Fortunately, old and new versions can work and play in harmony. So while "there probably won't be a time when it'll be absolutely necessary to upgrade," says Figueroa, "the market is naturally moving toward the best technology." And next-gen is where it's at.
Draft-n gear can provide significant improvements to your network, including five times the throughput (up to 250 Mbps) and twice the range (up to 200 meters). So if you're trying to decide if it's time to upgrade your office to draft-n Wi-Fi, consider these questions:
- Do you have 15 or more employees using entry-level gear or 40 or more employees using enterprise-level gear?
- Are you expanding your office size?
- Does your office setup have hard-to-reach coverage areas--for example, numerous floors or rooms within a building?
- Do you frequently use real-time or high-bandwidth applications, such as web conferencing, VoIP or streaming HD video?
If you answered yes to any of these questions, then it might be time to upgrade.
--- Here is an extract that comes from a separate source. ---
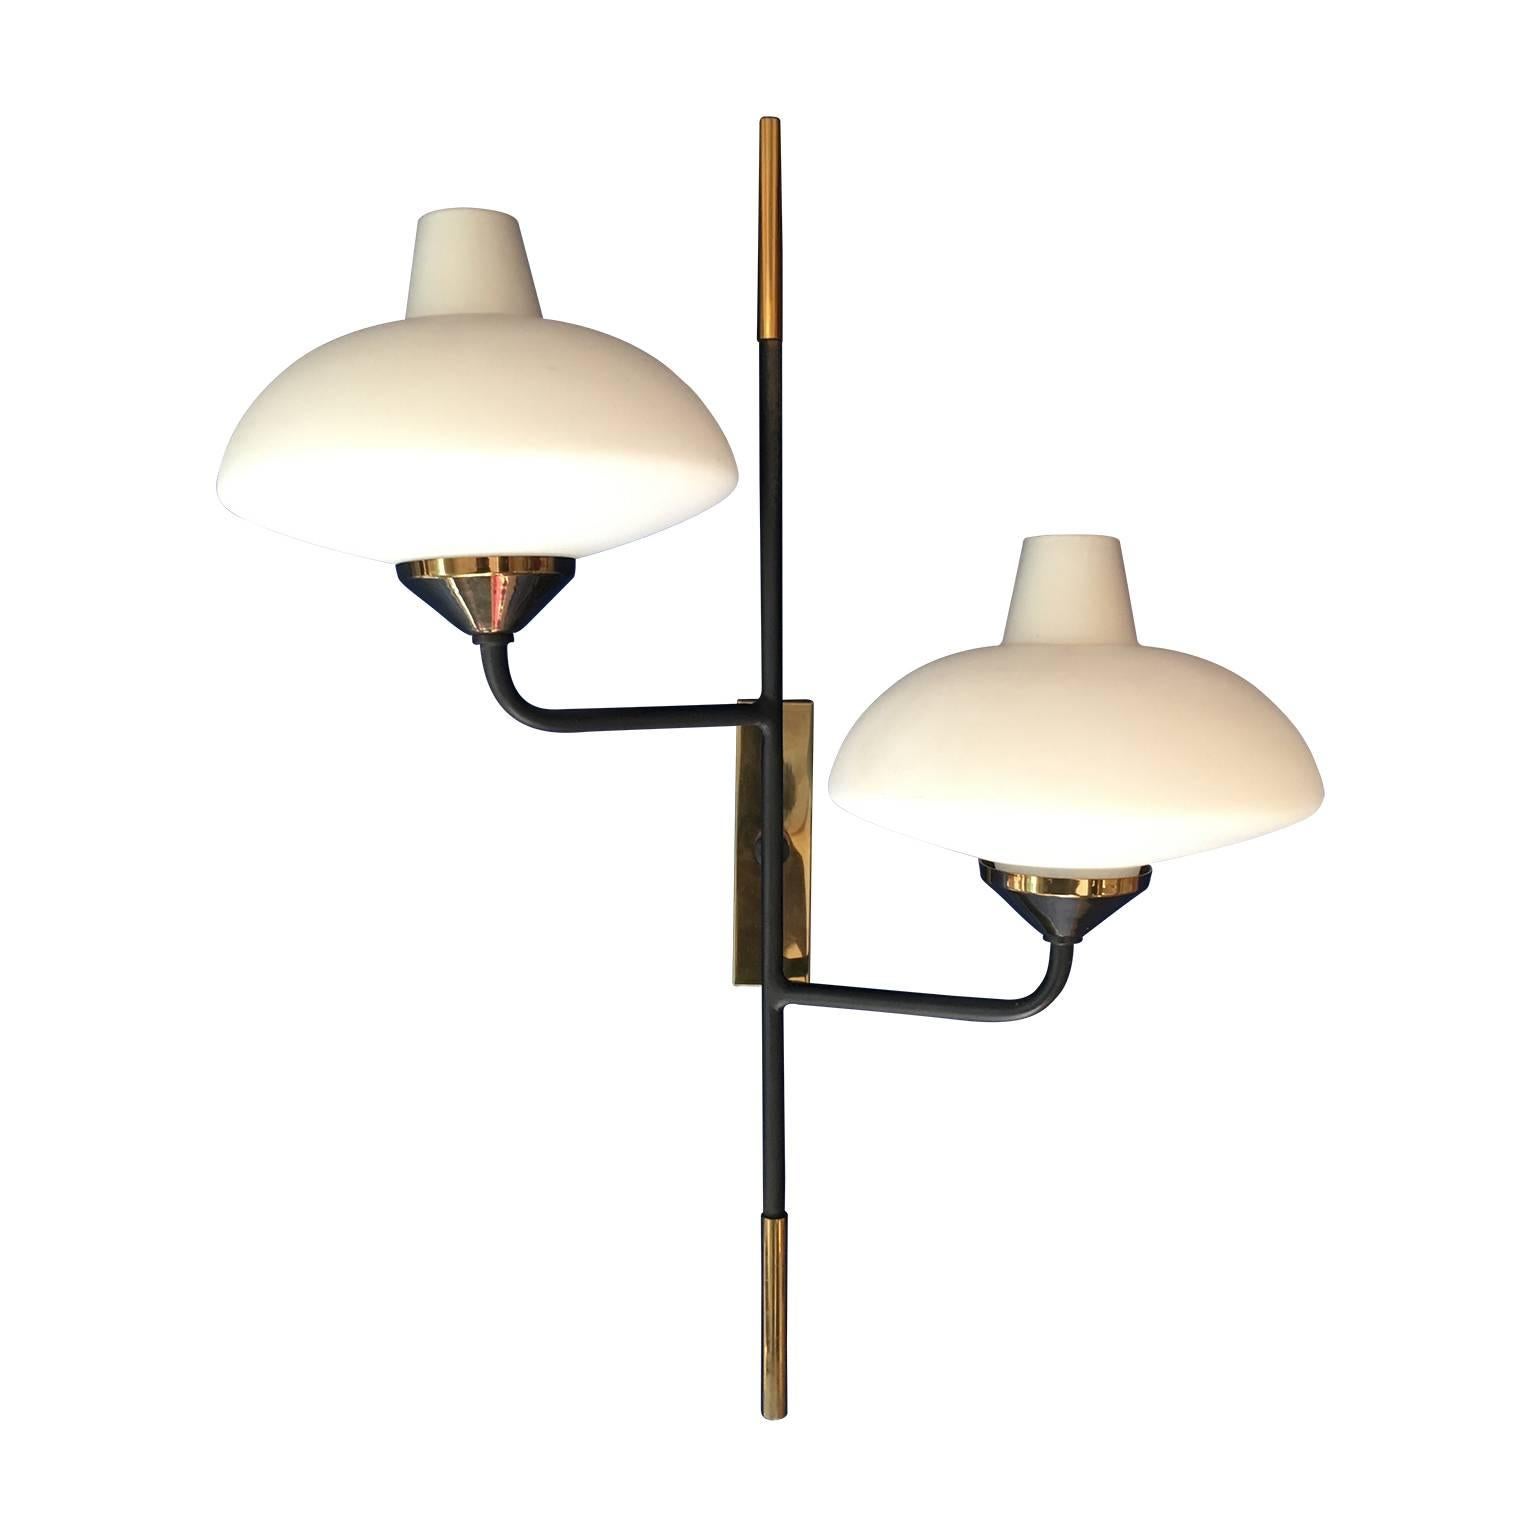 Mid-20th Century Maison Arlus 1950s Pair of Brass and Metal Sconces with Opaline Glass

The good thing about draft-n is that it's backward compatible, meaning it works with previous versions (and vice versa). This allows for an easier, gradual transition. So if you're not in the financial position to upgrade all your Wi-Fi devices at once--who is really?--you can switch out a few, or even just one, at a time, Figueroa explains. "Yet that device offers benefits to all the old devices already using the network."